EXERCISE: Transcribe only the lines of the listing below from the one holding "kinox.to film" through the one holding "Мужская куртка осень-зима", inclusive, without any change.

TASK MATERIAL:
━━━━━━━━━━━━━━━━━━━━━━━━━━━━━━
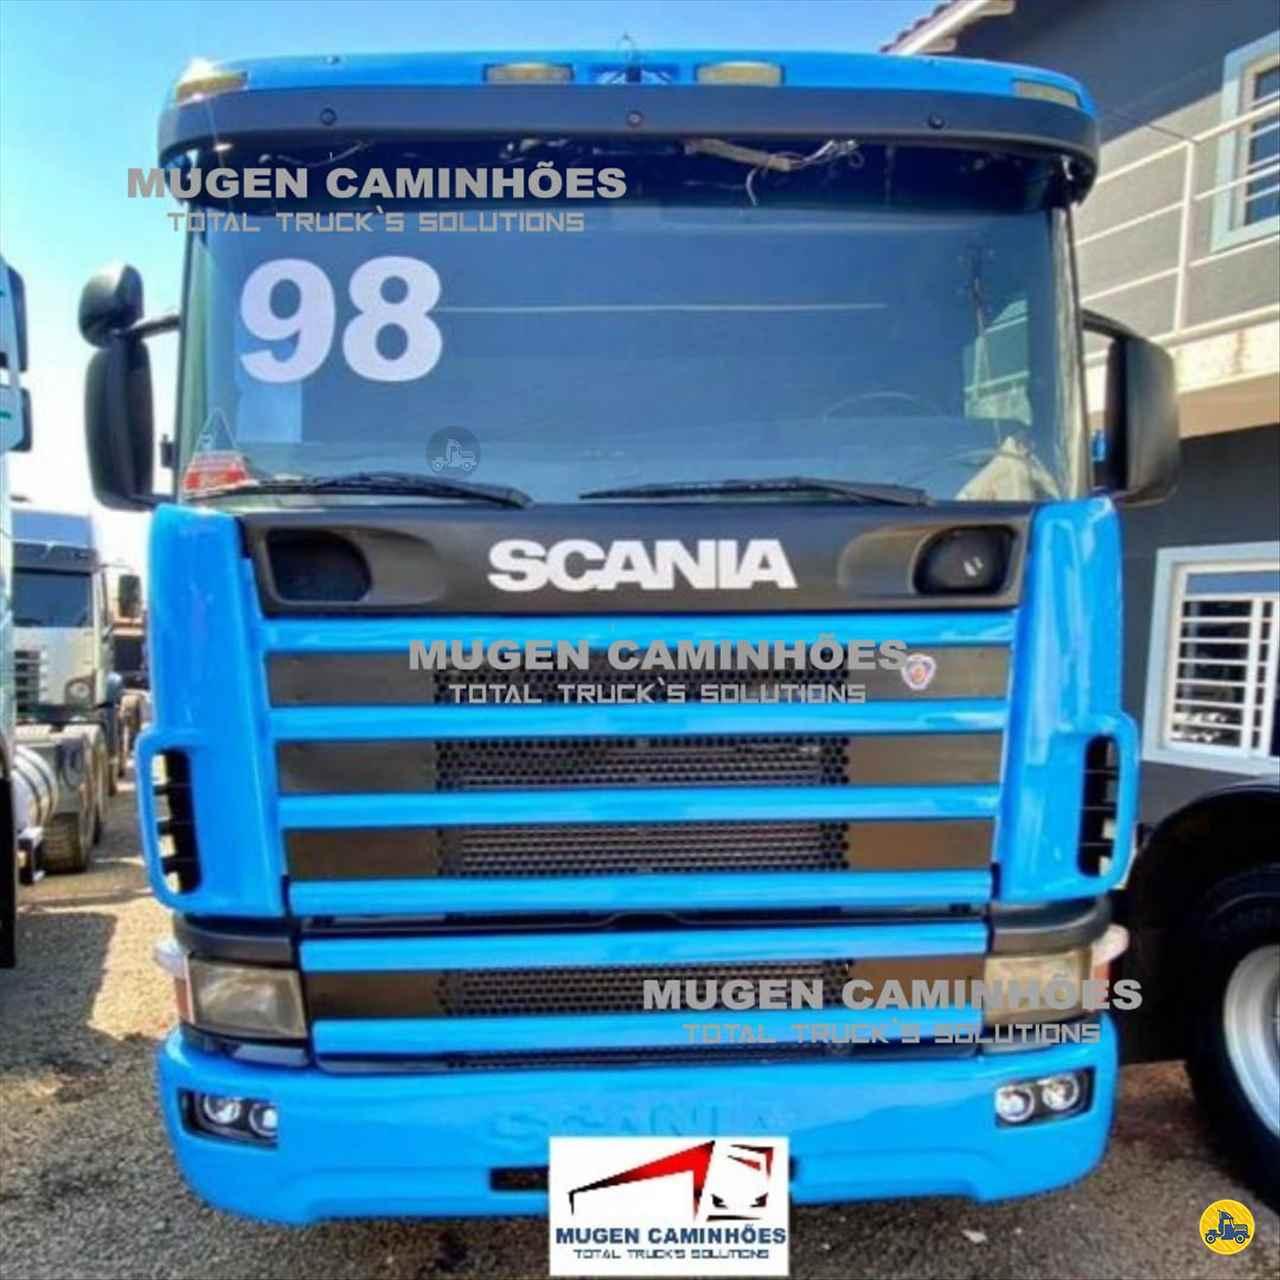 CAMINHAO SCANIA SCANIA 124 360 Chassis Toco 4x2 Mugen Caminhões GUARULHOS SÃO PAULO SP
━━━━━━━━━━━━━━━━━━━━━━━━━━━━━━
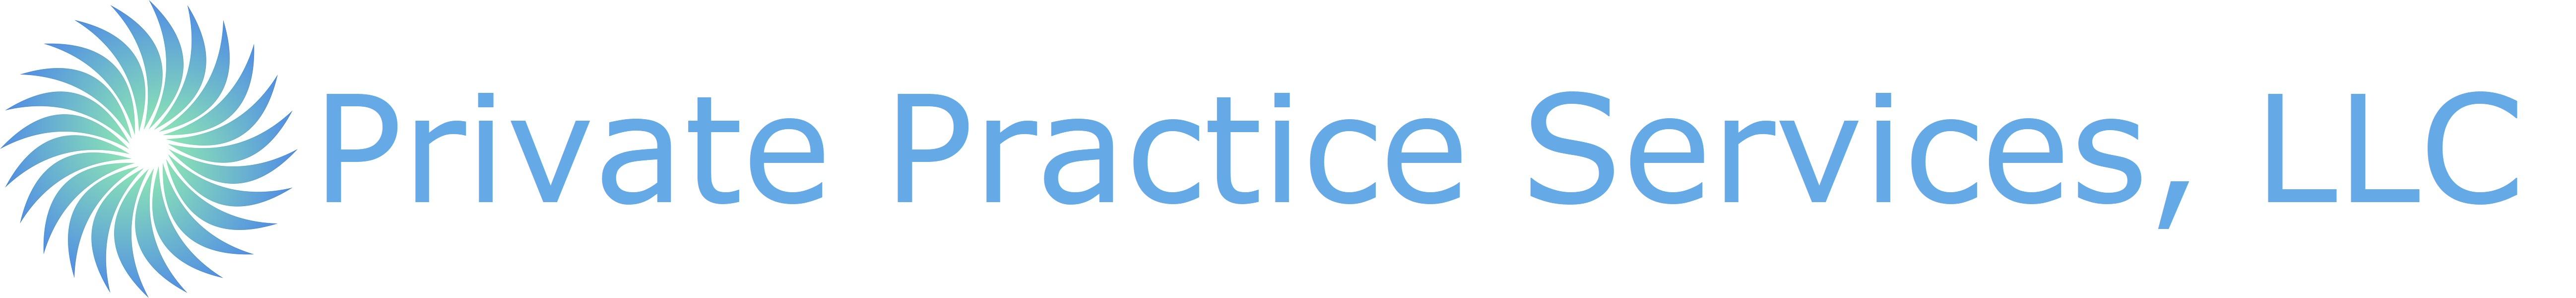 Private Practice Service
━━━━━━━━━━━━━━━━━━━━━━━━━━━━━━
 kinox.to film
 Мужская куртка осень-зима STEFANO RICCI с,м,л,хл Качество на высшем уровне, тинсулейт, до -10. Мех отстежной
━━━━━━━━━━━━━━━━━━━━━━━━━━━━━━
REPLY TO THE EXERCISE:
 kinox.to film
 Мужская куртка осень-зима STEFANO RICCI с,м,л,хл Качество на высшем уровне, тинсулейт, до -10. Мех отстежной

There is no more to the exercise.